10:55 p.m: Remark to husband from under covers, “I just want to hear the beginning of the news.”
11:00 p.m: Baby wakes up crying. She has chills and is warm. Nurse baby.
11:15 p.m.: Return baby to bed. Crawl back under covers.
11:39 p.m.: Baby screaming. Get ibuprofen. Use bathroom. Turn on t.v. in baby’s room to use light to administer medication. Hold washcloth to baby’s face as she vomits medication back up. Nurse baby.
12:15 a.m.: Return baby to crib. Crawl under covers.
1:12 a.m.: Baby crying. Rock baby, nurse baby. Realize baby no longer has fever.
2:00 a.m.: Return baby to crib. Crawl under covers.
6:20 a.m.: Baby’s awake.

Unlike yesterday, she was clingy and crabby. I didn’t shower until after lunch when dear sweet husband took baby for a ride in the car. This was a long day. I put the baby to bed at 7:00 p.m. I hope she sleeps tonight.

Uh-oh

Baby has been lethargic all day, which in a peculiar way has been delightful. She just wanted to lean her head on my shoulder and sit on my lap. She napped twice. She wanted to go outside, but didn’t want to bother with shoes and a jacket, so I wrapped her in an afghan and we sat in the backyard for a bit. She just sat. All of this is completely out of character for my busy girl.

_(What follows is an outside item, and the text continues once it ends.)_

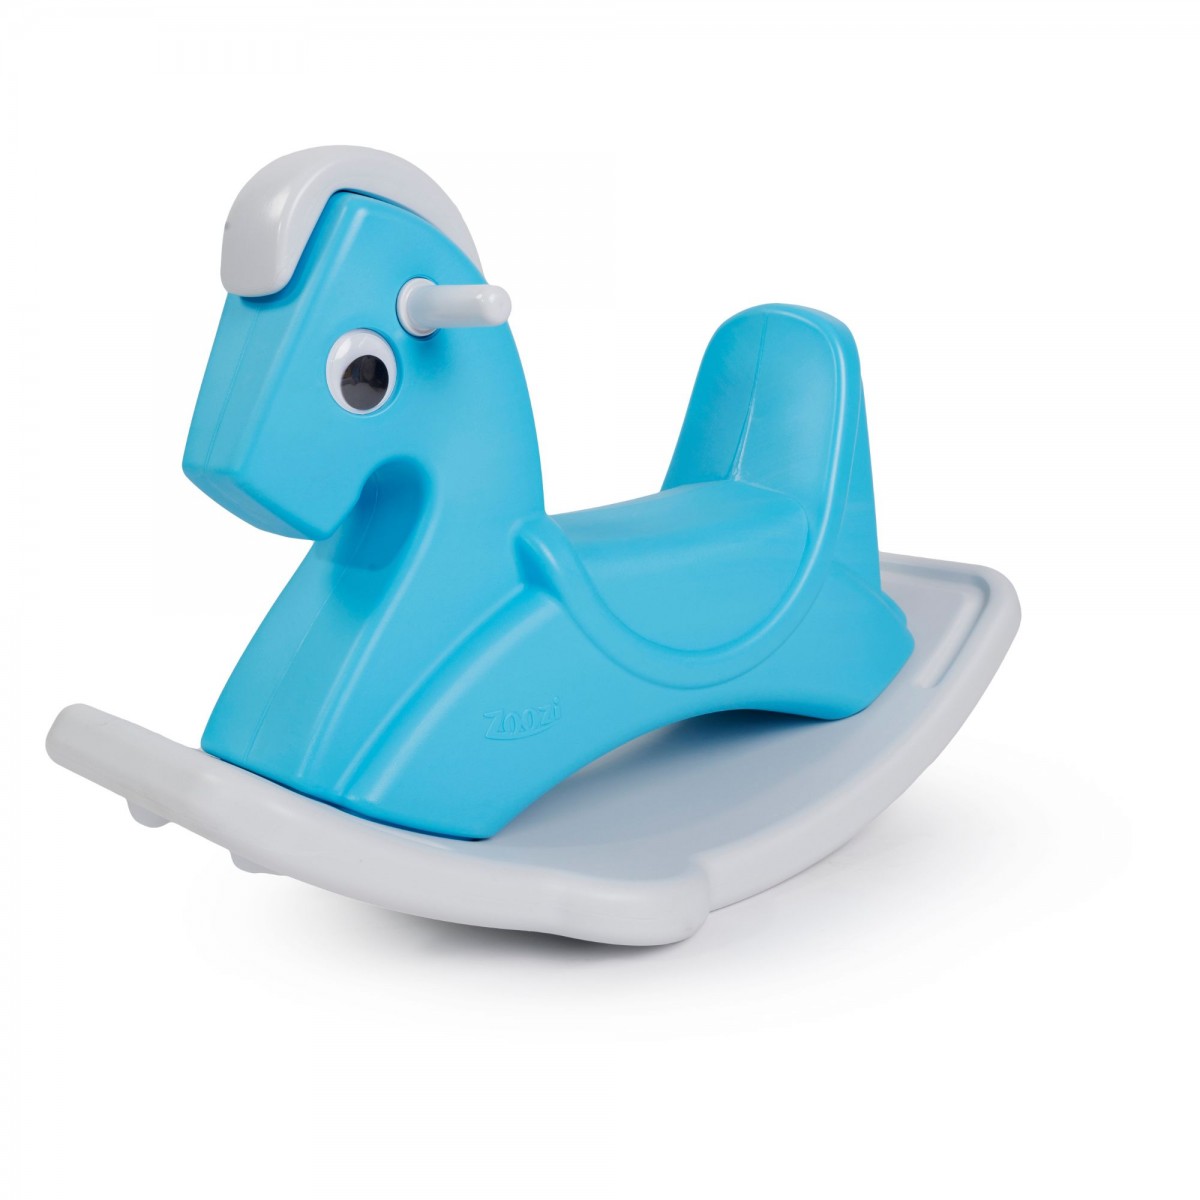 Zoozi  2 in 1 Ride On Rocking Horse for Toddlers and Babies, Comes with Wheels, Blue, 12M+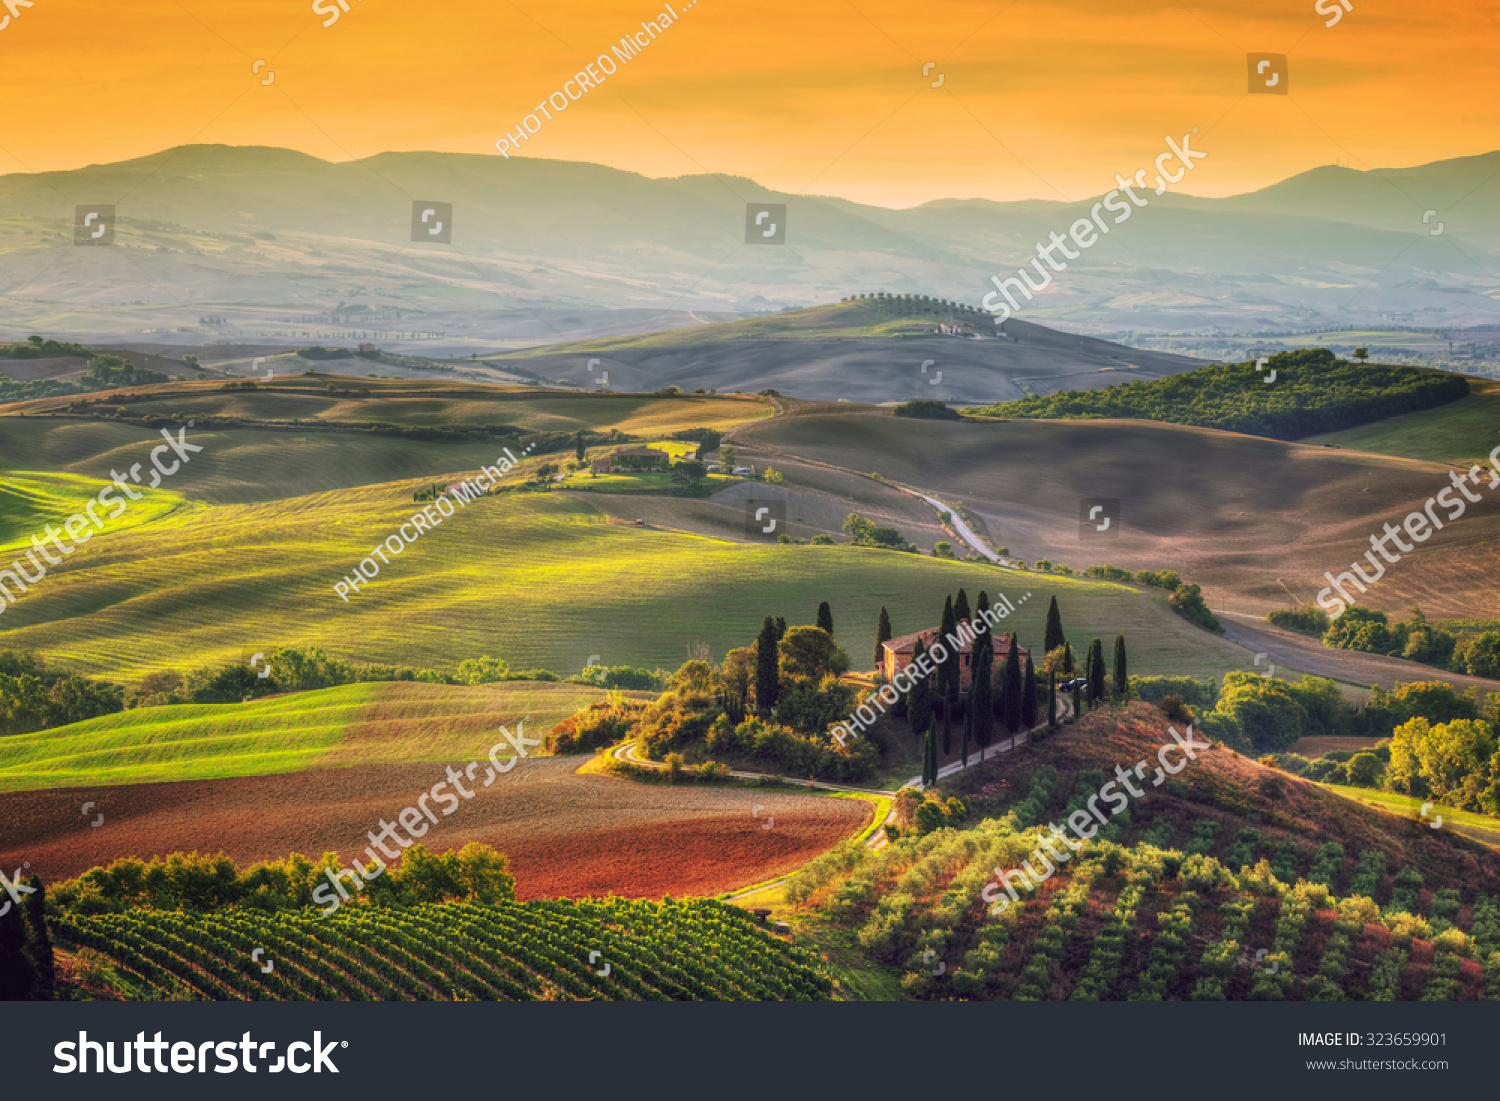 Tuscany landscape at sunrise. Typical for the region tuscan farm house, hills, vineyard. Italy #323659901

She’s running a fever, the first real fever of her life. I’m not sure how high it is since I don’t own a thermometer, but I will probably borrow one tomorrow to make sure her brain isn’t boiling. She’s not been crying or fussing, so I don’t think anything really hurts. She’s warmish, but not burning up.

I put her to bed at 7 p.m., as usual. At 8:45 p.m., she was crying, so I went in and nursed her and then realized she was breathing kind of fast and then remembered that fast breathing isn’t good, so I counted how many breaths per minute. Thirty-five. When I put her back down, I consulted my book and under 40 is okay. Apparently, fast respirations help bring down a fever.

I’m not treating it with medication yet. We’ll see what tomorrow brings. The last time I gave her ibuprofen, she threw it up all over me.

I am still hacking up a lung, which is ever so pleasant.

If I drank, this would be a good time for something strong. But I don’t, so I just ate too much chocolate and now I’ll go upstairs to listen and hope that she sleeps all night.